Clearly mass collaboration isn’t going to solve every problem. For the first time in public, Clay said, “I don’t think the technology is ready for the mass legitimisation of initiatives… …There need to be checks and balances applied”. That is a big, and wise, shift from his previously utopian view of what could be achieved. I’ve posted about crowds not providing the wisest answer for every situation before. When we think about the idea of direct access into the political process, we might want to think carefully about what exactly we are wishing for. The tools are fantastic for gathering feedback and generating content, but decision making requires a degree of sophistication that the tools do not provide, yet.

The problem now is not technical capability, it is legitimacy. Under what circumstances do you take the advice from user generated media and when do you ignore it? On-line we can’t do “one person one vote” – the basis of the democratic franchise – so we can’t legitimise it.

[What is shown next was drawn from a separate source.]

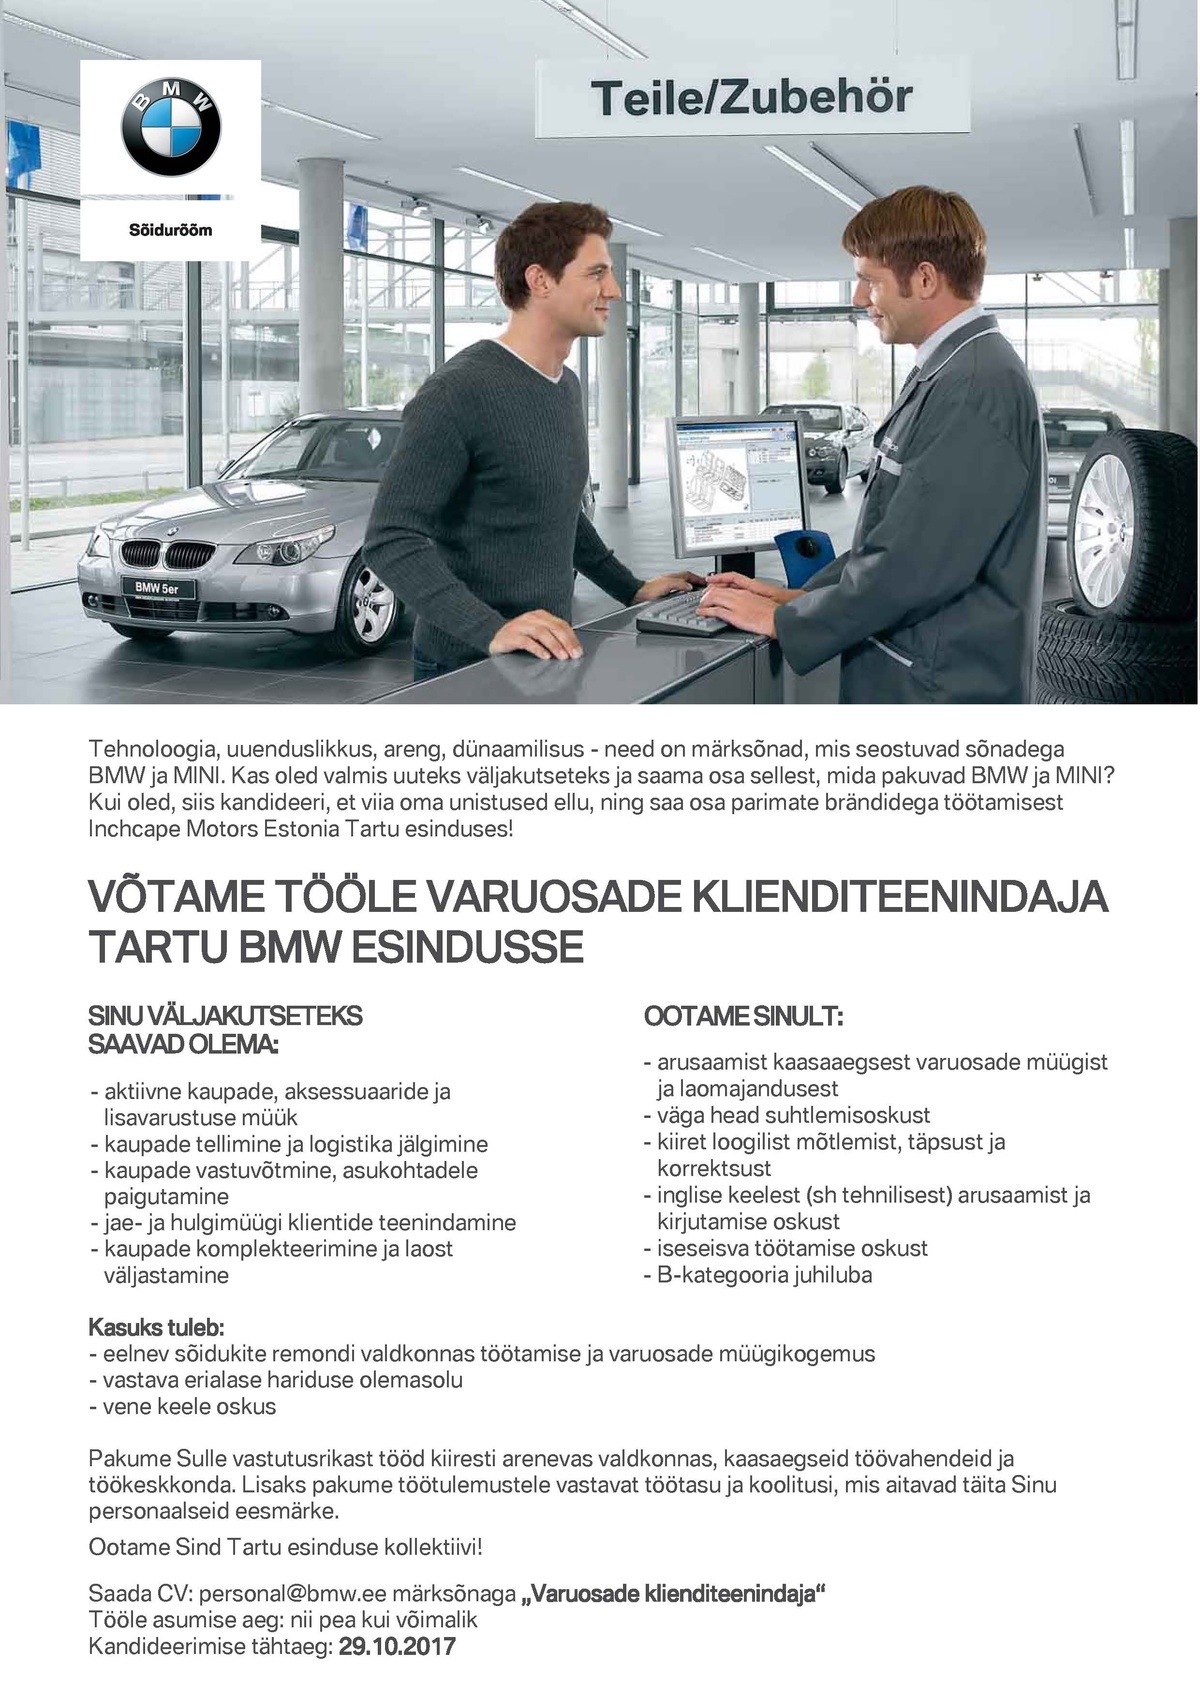 Inchcape Motors Estonia OÜ Varuosade klienditeenindaja Tartu BMW esinduses

The problem is one for business leaders too. The answer may end up coming from government. What (now President) Obama started on the campaign trail, he will have to continue into the Whitehouse. Having opened the door to mass collaboration, that crowd is still looking over his shoulder and will not accept being shut out. Once you build a community, it doesn’t conveniently go away when you no longer have a need for it, it has a life of its own (something to note for businesses that just dabble in social media). 

This will be a new and interesting phase for the tools of mass collaboration. “It is not just about politics, it is about government, and they are subtly different things,” observes Shirky.